Editorial Comment—International Variations in Surgical Practice for Spontaneous Intracerebral Hemorrhage
The international randomized surgical trial for spontaneous intracerebral hemorrhage (STICH) is nearing completion. This article, concerning variations in surgical practice among the countries that participated in the trial, is one of the first of several to emerge from the study headed by Prof David Mendelow. The project has been under way for several years, funded by the Medical Research Council of Great Britain. It involves more than 70 countries including participants from Europe, India, the Far East, North America, and the United Kingdom.
One of the criteria for entry into the study as a participating institution was an agreement to include all patients with intracerebral hemorrhage admitted to hospital, documented on screening logs and submitted monthly to the organizers in Newcastle.
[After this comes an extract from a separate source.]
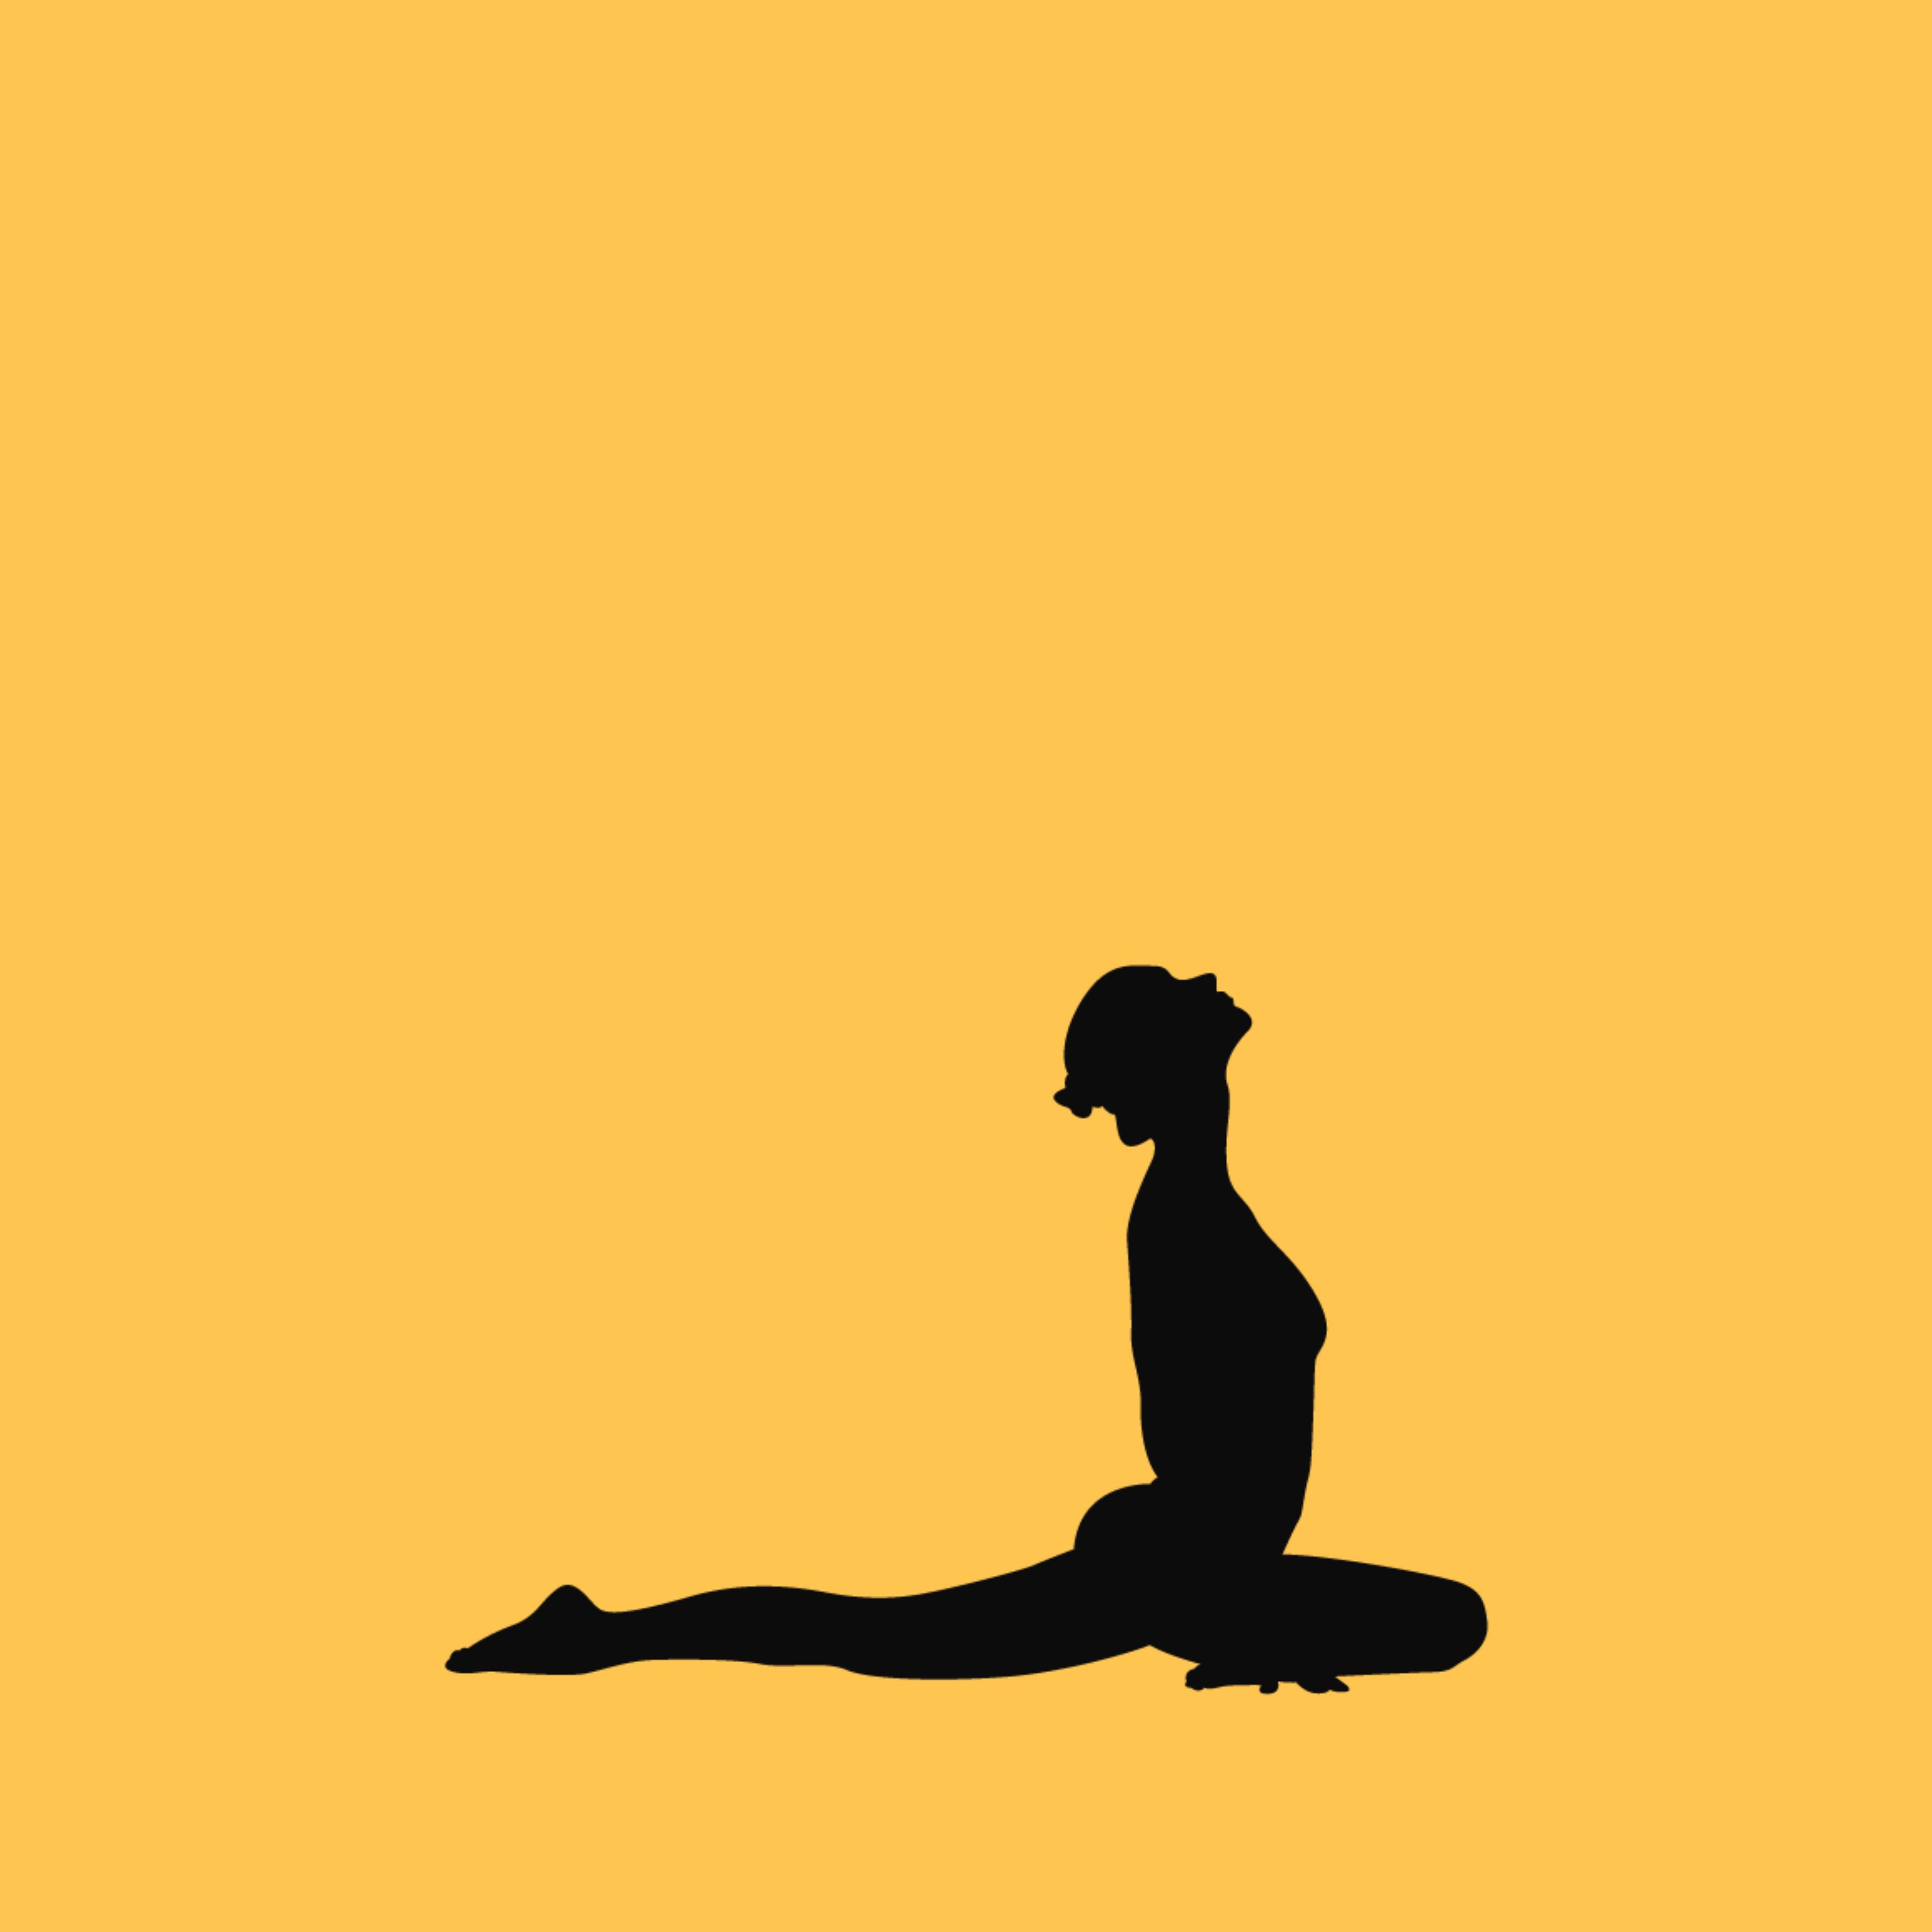 Sis postures de ioga per relaxar-se i combatre l'ansietat

However, some centers found this too time-consuming and included only patients they considered “appropriate” for the trial. Thus, rules for participation were not always followed. Those that did keep logs and submitted them faithfully (42 centers) provided data that are the basis for the study reported here.
One lesson emerging from this study is that patient characteristics such as the Glasgow Coma Scale, the size of the hematoma, the patient’s age, the site of the hematoma, and the depth from the cortical surface are not sufficient to explain which patients had surgery and which did not. “Other factors” were involved in the decision to operate or not. The authors conclude that differences in the criteria for operation probably were influenced by local custom and surgical training handed down over the years.
Differences in the treatment of intracerebral hemorrhage in different countries have not been studied in the past. Thus, the STICH trial is already valuable because it has uncovered a bias that exists throughout the world concerning the management of spontaneous intracerebral hemorrhage. Which patients should have surgery and which should not is, therefore, a question that will not really be possible to answer, given a study design that cannot account for customs and traditions.
The lessons learned from this publication indicate that future studies will not be valid until customs and practice guidelines are virtually identical among participating centers. It is probable that, even within specific countries such as the United States, Great Britain, and Japan, current treatments for ICH will vary widely from region to region within the same country based on local custom and “training handed down over the years.” In fact, attitudes toward the treatment for ICH vary within communities and even within departments in the same hospitals. Solving the ICH riddle will not be easy.